Inspired by a high incidence of clinically diagnosed infections in the first year of life among children who later developed ALL, it was proposed that children with ALL are born with a dysregulated immune function, causing them to react more vigorously to infections in early childhood (10, 11). This hypothesis was supported by Chang and colleagues (12) who compared inflammatory markers (interleukins) on neonatal dried blood spots between 116 children with ALL and 116 matched controls. In individual analyses, children who later developed ALL had statistically significantly lower neonatal concentrations of IL4, IL6, IL10, and IL13 than controls.

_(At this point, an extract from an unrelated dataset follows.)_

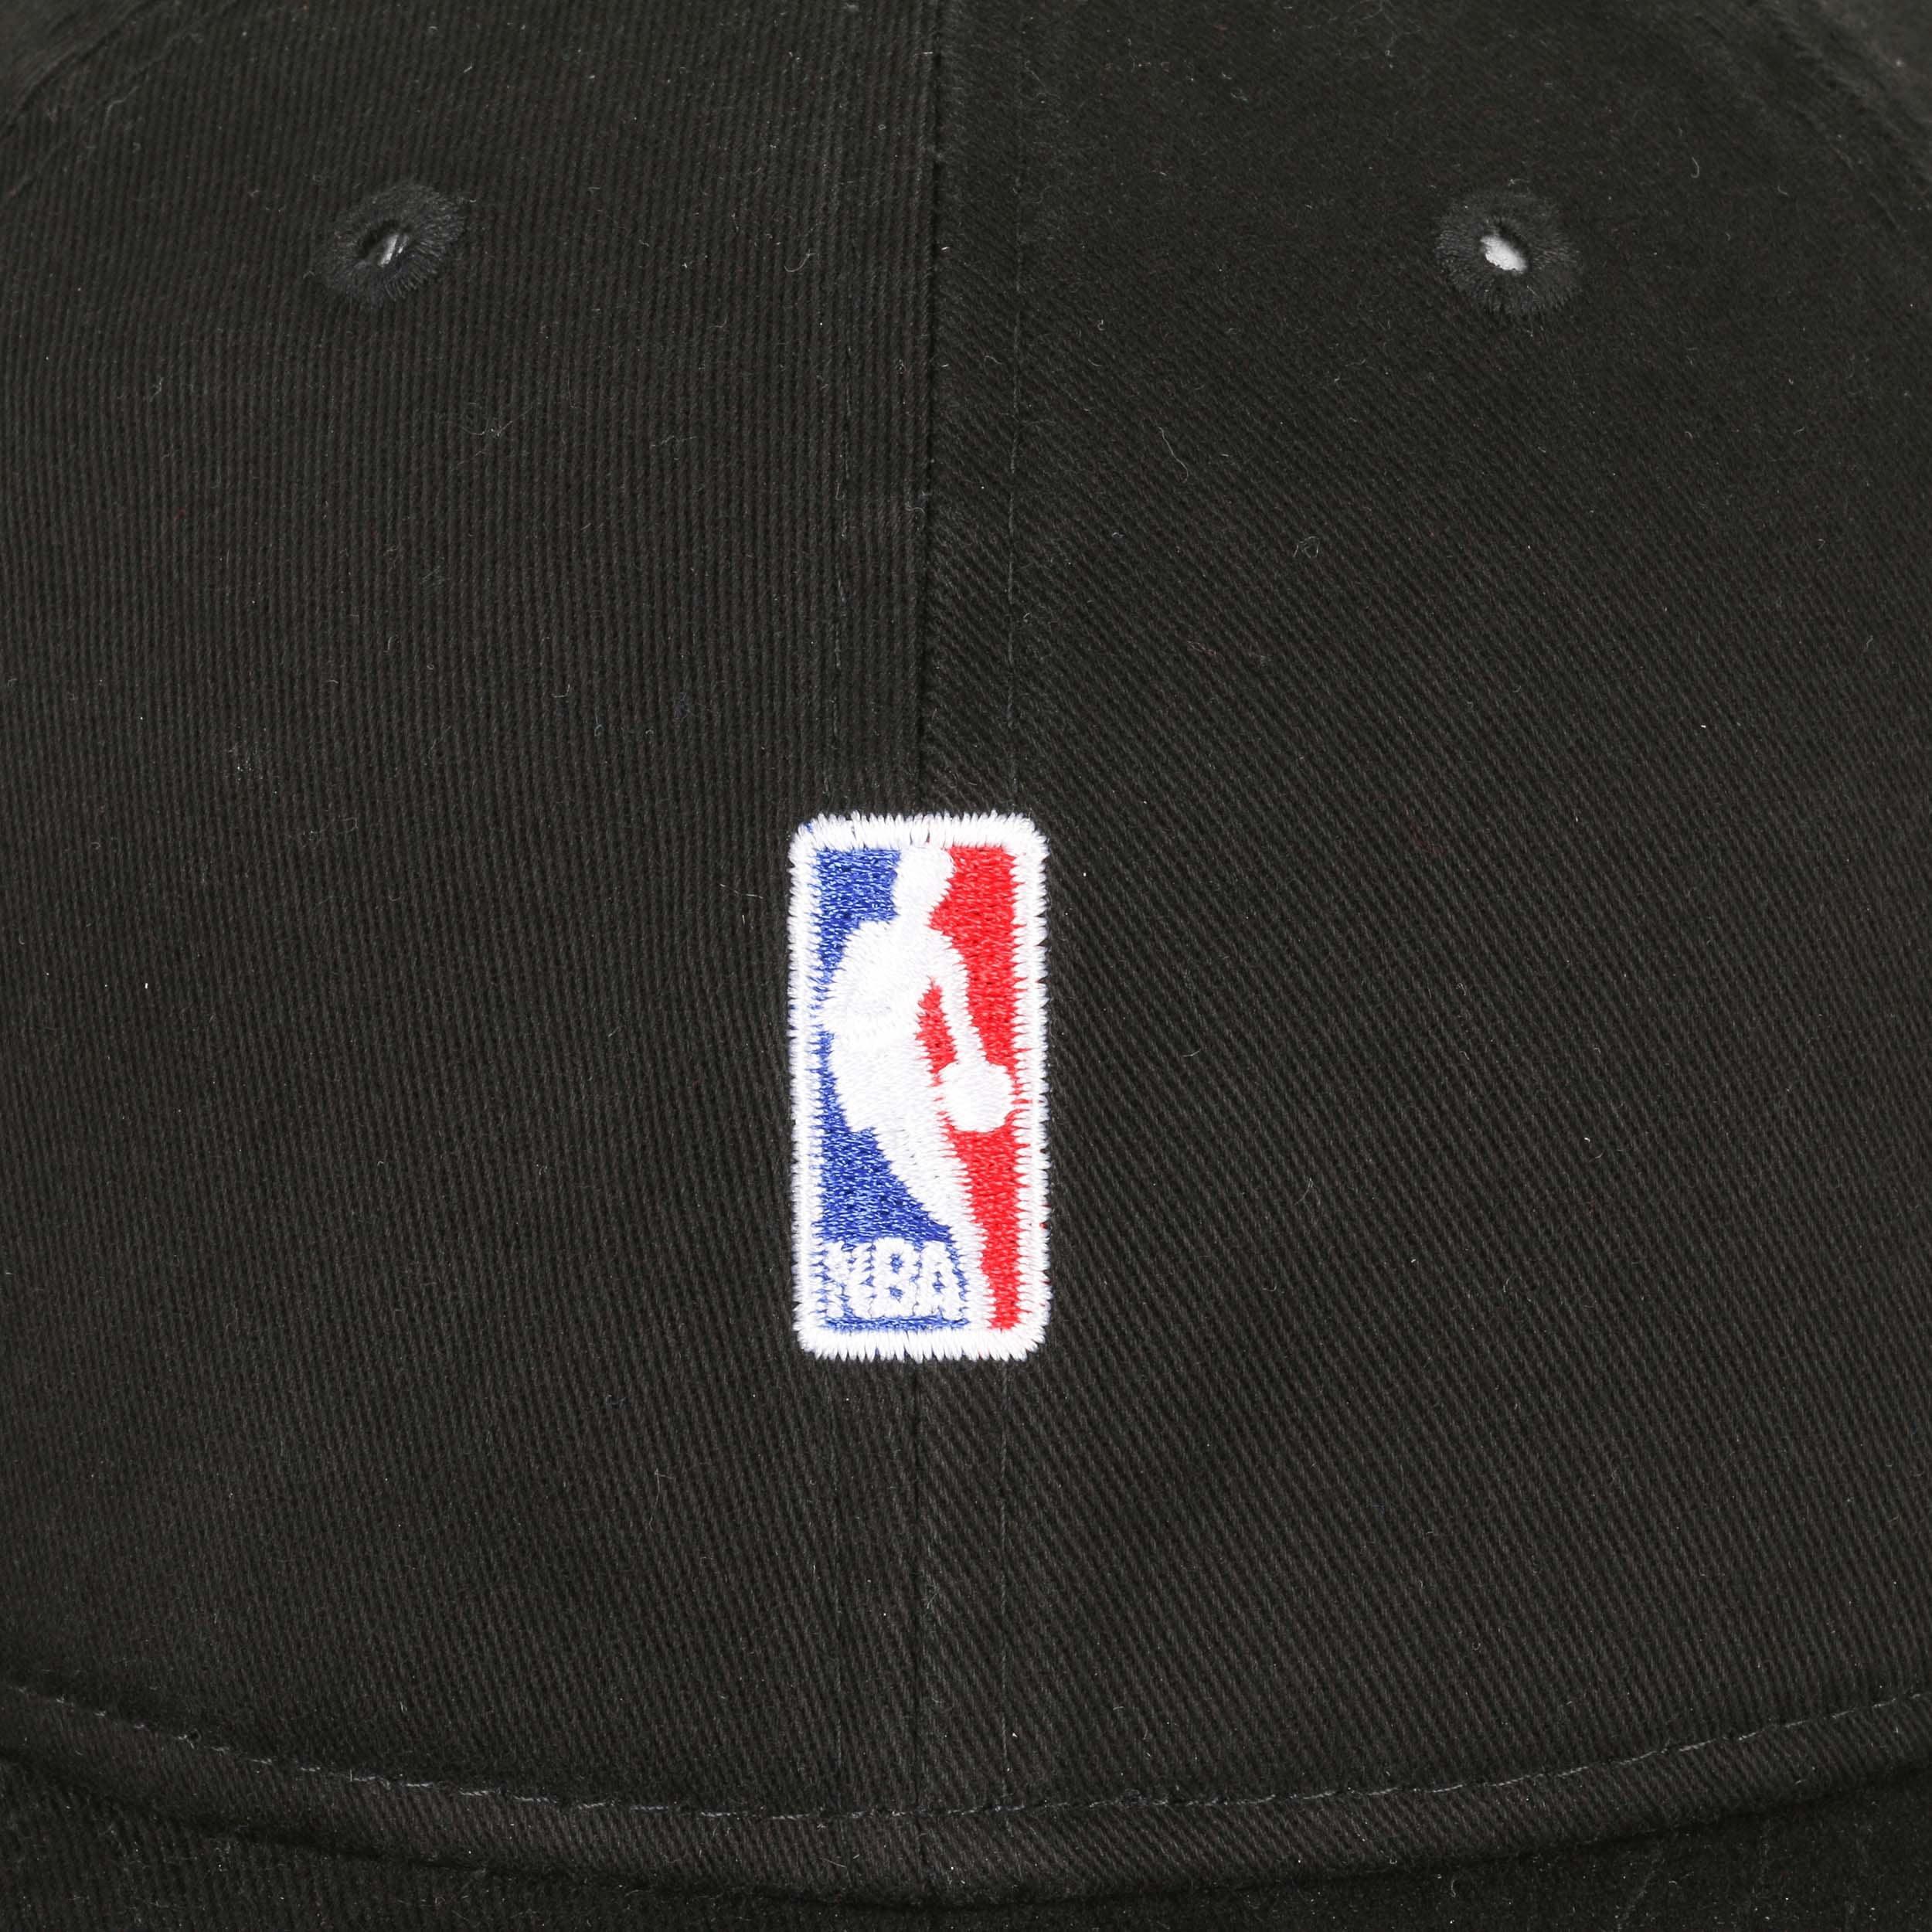 c9d9adcbc18fc4 ... 9Fifty Low Crown NBA Logo Cap by New Era - black 4 ...

Although insight into the neonatal immune system is central for the understanding of the etiology of ALL, the study by Chang and colleagues (12) so far stands alone. To assess the association between neonatal concentrations of inflammatory markers and risk of childhood ALL, we therefore conducted a population-based matched case–control study with analysis of 10 cytokines and other inflammatory markers on neonatal dried blood spots from 178 children with B-cell precursor ALL and 178 matched controls. Through linkage with Danish nationwide registers, we assessed whether neonatal concentrations of inflammatory markers were associated with the risk of hospital contact due to infections and prescription for antimicrobials in the first years of life. Moreover, we assessed whether maternal exposures and child characteristics previously associated with childhood ALL risk were possible predictors of the child’s neonatal concentrations of inflammatory markers.
Patients and Methods
Study participants
Using the personal identification number recorded in the Civil Registration System (13) and assigned to all citizens in Denmark, we selected the study participants among singletons born in Denmark during 1995 to 2008. Information on vital status, birth characteristics, and birthplace of the child and its parents was obtained from the Civil Registration System and the Medical Birth Registry (14). The Nordic Society of Pediatric Hematology and Oncology database (15) holds information on all patients with ALL diagnosed in Denmark since 1981 with information on leukemia immunophenotype and karyotype, including retrospectively assessed information on ETV6-RUNX1 karyotype for all patients diagnosed since 1992. Through linkage with this leukemia database, we identified 200 children who developed B-cell precursor ALL at ages 1 to 9 years. These patients were matched with 200 controls who were free of childhood leukemia and were alive at the diagnosis date of the index ALL patient. We matched patients and controls on potential confounders, including age (exact date of birth), sex, gestational age (±1 week), birth order (1, 2, or ≥3), mode of delivery (vaginal or by cesarean section), and selected only offspring of Danish-born parents (16–18). Furthermore, controls were matched as closely as possible to the index patient’s date of neonatal blood spot sampling. Additional matching on birth weight was not feasible. Moreover, we retrieved information on hospital contact due to infections and out-of-hospital prescription for systemic antimicrobials (henceforth referred to as “prescription for antimicrobials”) among mothers during pregnancy and among study participants before age 2 years through linkage with the Danish National Patient Register (NPR; ref. 19) and the Danish National Prescription Register (20). The former holds information on all in- and outpatient contacts since 1995 with diagnoses classified according to the International Classification of Diseases (ICD) 10th revision, whereas the latter includes information on all prescriptions redeemed at Danish pharmacies since 1995. ICD-10 codes for infections, also used in other studies (21), and Anatomical Therapeutic Chemical classification system codes for antimicrobials are listed in Supplementary Tables S1 and S2. Children with Down syndrome (ICD-10: Q90) were identified in the NPR and excluded from the cohort before matching.
Biological samples
Since 1982, neonatal dried blood spot samples collected for screening purposes from all children born in Denmark have been stored at −24°C in the Danish Neonatal Screening Biobank. According to national guidelines during the study period (1995–2008), neonatal blood spots were taken by a heel prick (capillary blood) at day 5 to 7 after birth (22). We retrieved neonatal blood spot samples from the 200 patients with B-cell precursor ALL and their 200 matched controls. However, the amount of residual dried blood spot material was insufficient for 22 patients. Thus, in total 178 children with B-cell precursor ALL and 178 matched controls were included for analyses.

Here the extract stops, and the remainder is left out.